Source: The Guardian
Shamed by a gap in his reading, the Guardian writer vowed to read only fiction by African women in 2018. After 19 novels spanning Nigeria to Ethiopia, he shares what he learned
At last year’s Guardian Opinion Christmas party – modest affairs at which those who want to dance are outnumbered by those who want to talk by at least five to one – I met Chibundu Onuzo, a Nigerian author.
“We share a publisher,” she told me.
“I’m sorry,” I told her. “I haven’t read your book.”
Chibundu waved away my apology with generous indifference. We carried on chatting and were among the pioneers on the dancefloor.
Chibundu did not appear bothered by my ignorance of her work, but I was. I can’t say exactly why. There are lots of books I haven’t read. But in some small way that gnawed at me in the days ahead, I wondered not only why I hadn’t read her but why she wasn’t on my radar.

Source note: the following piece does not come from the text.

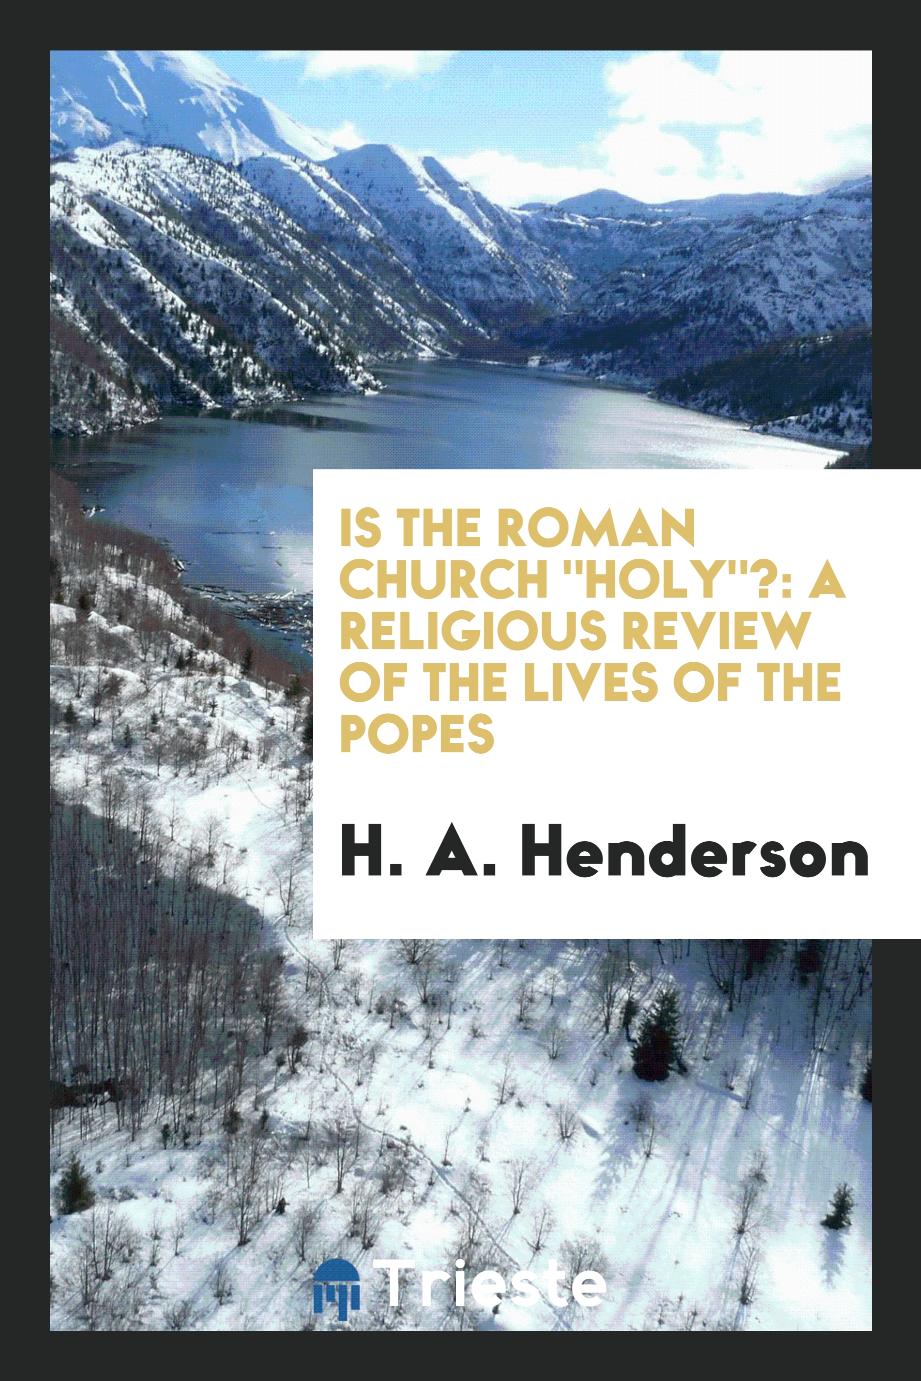 Is the Roman church "Holy"?: a religious review of the lives of the popes
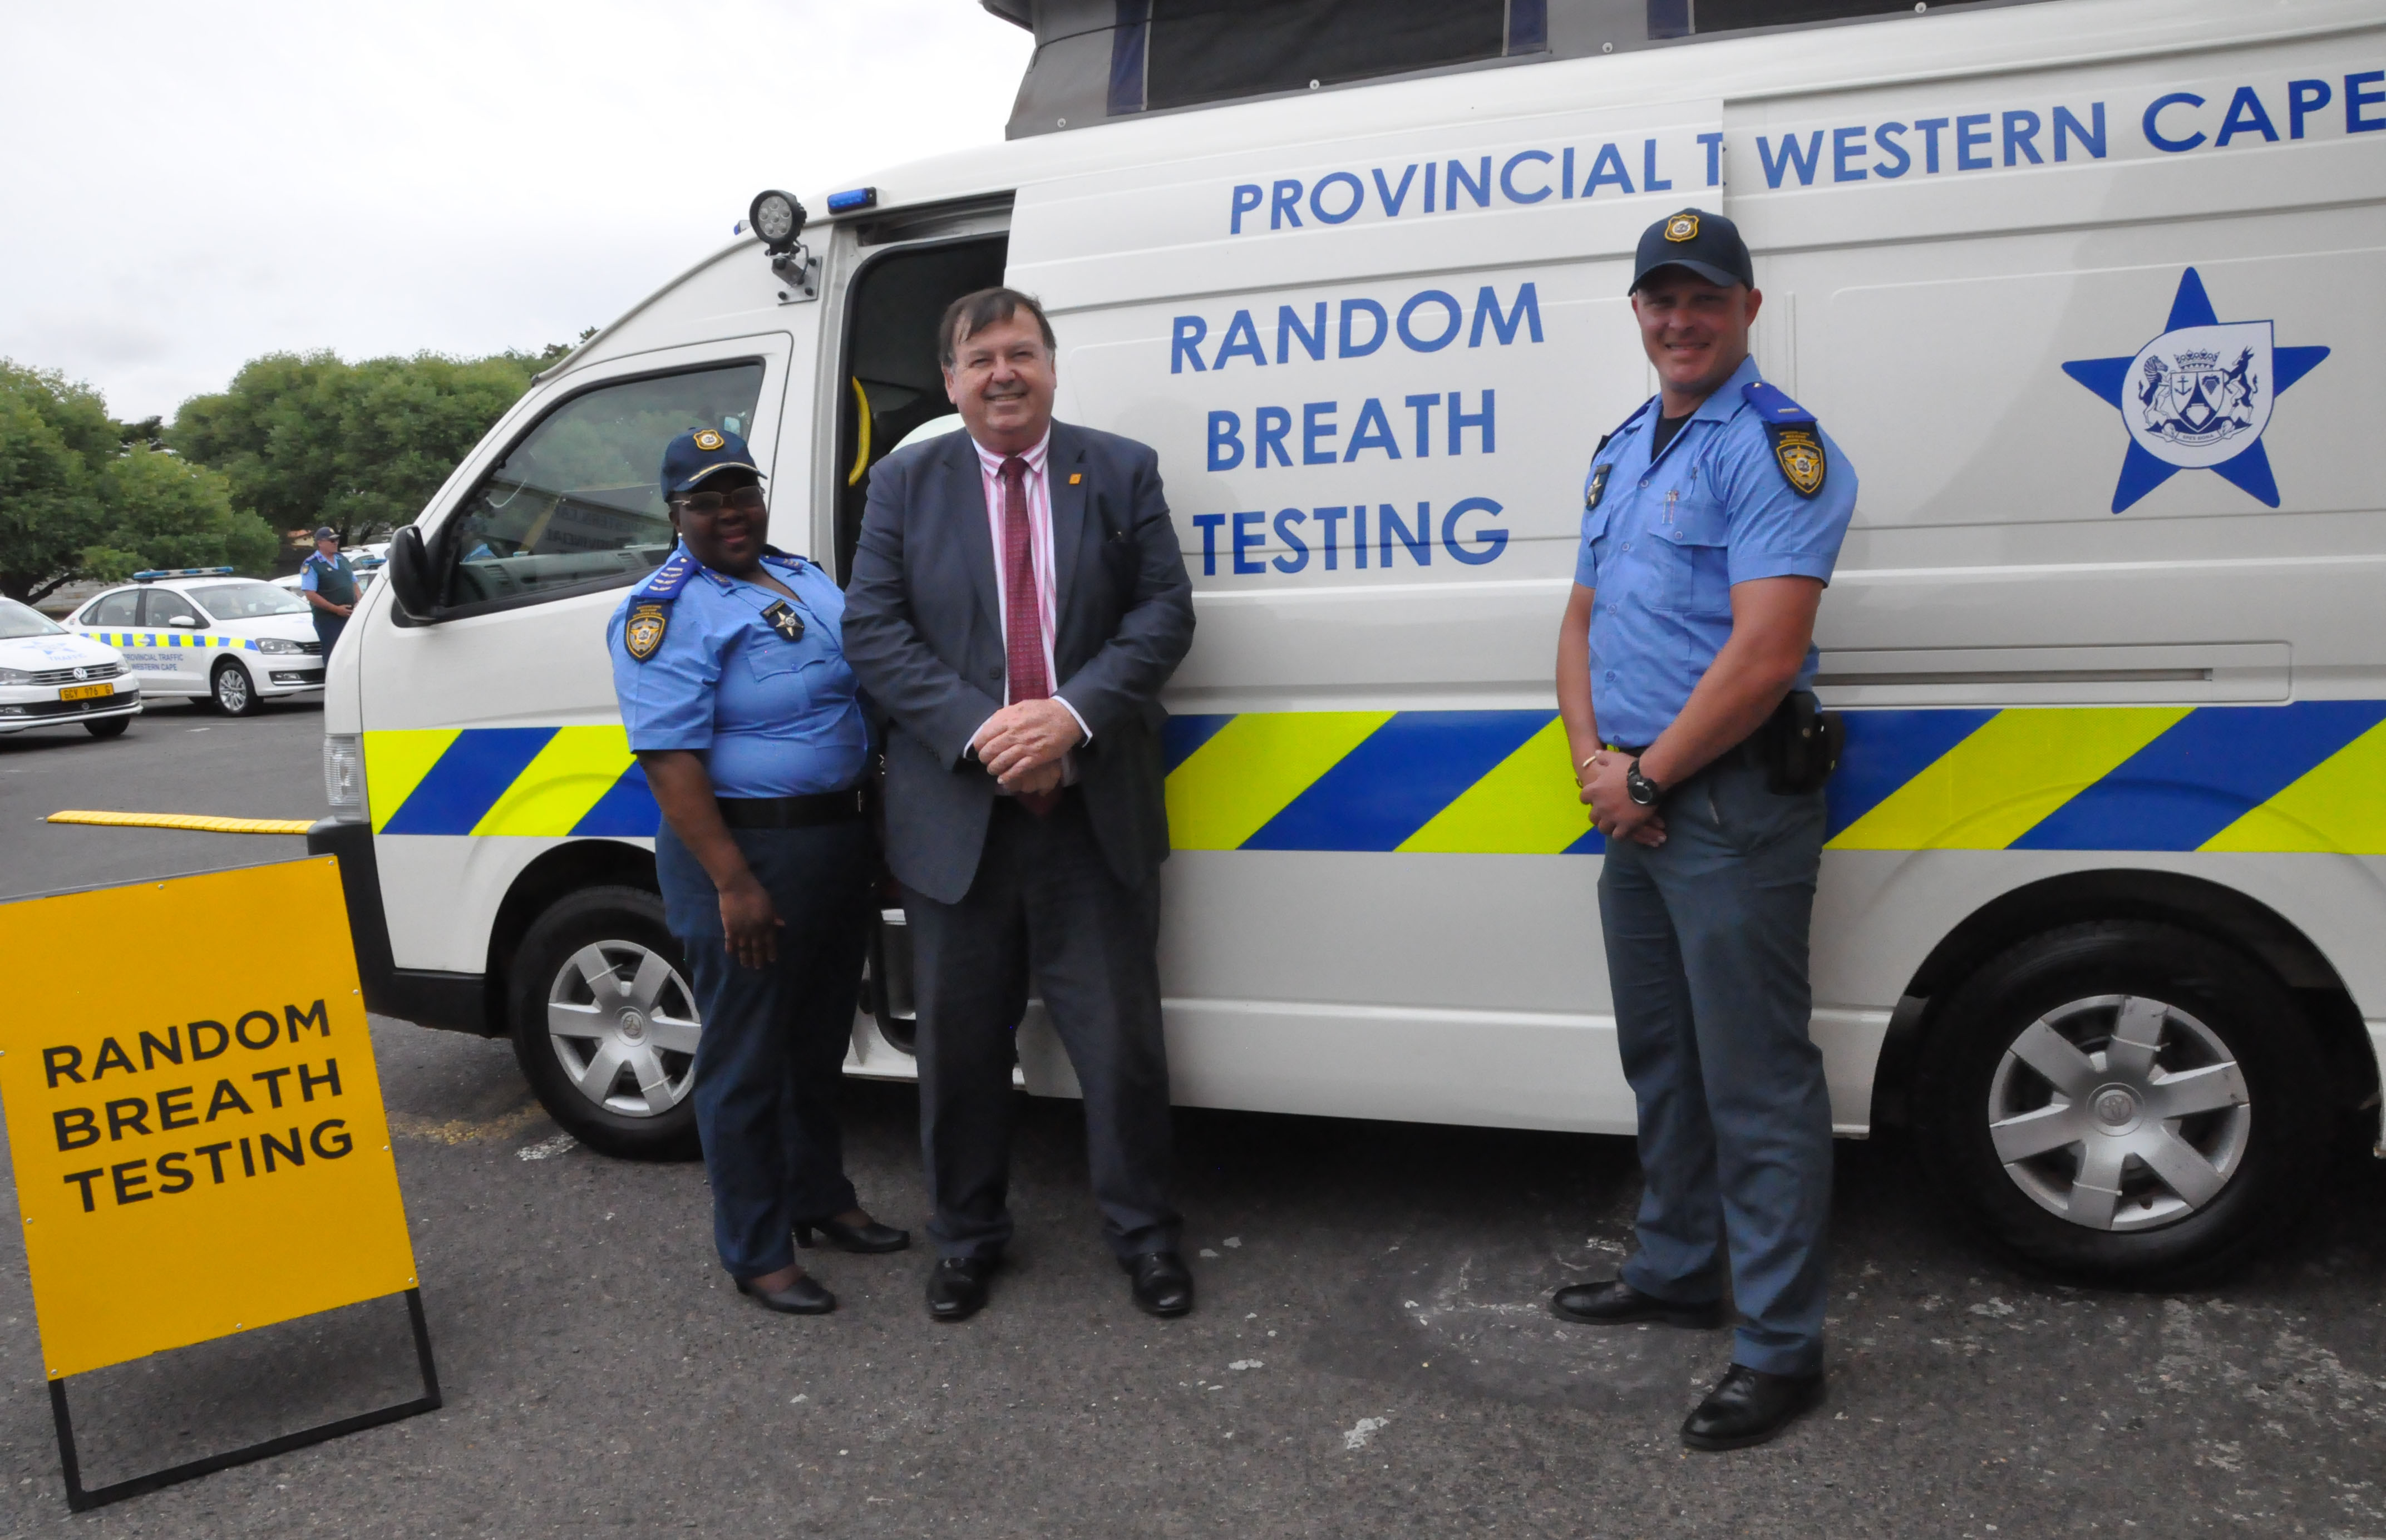 Minister Grant with provincial traffic officers and one of the new Mobile Alcohol Evidentiary Units at the launch.

Feeling it was time to fix my radar, I decided, when it came to fiction, to read only African women for a year. The motivation was not virtue but curiosity. I wondered what I had been missing out on. I wasn’t completely ignorant of literature by women from that part of the world: I’d read Chimamanda Ngozi Adichie, Ama Ata Aidoo, Bessie Head, Buchi Emecheta, Leila Aboulela, Gillian Slovo, Nadine Gordimer and Zoë Wicomb. Nor was I entirely ignorant of that part of the world. I lived in Sudan for a year, reported from South Africa, Mozambique, Zimbabwe, Tanzania and Sierra Leone and visited Ghana on holiday. But it had been at least four years since I read any of those authors and five since I set foot on the continent.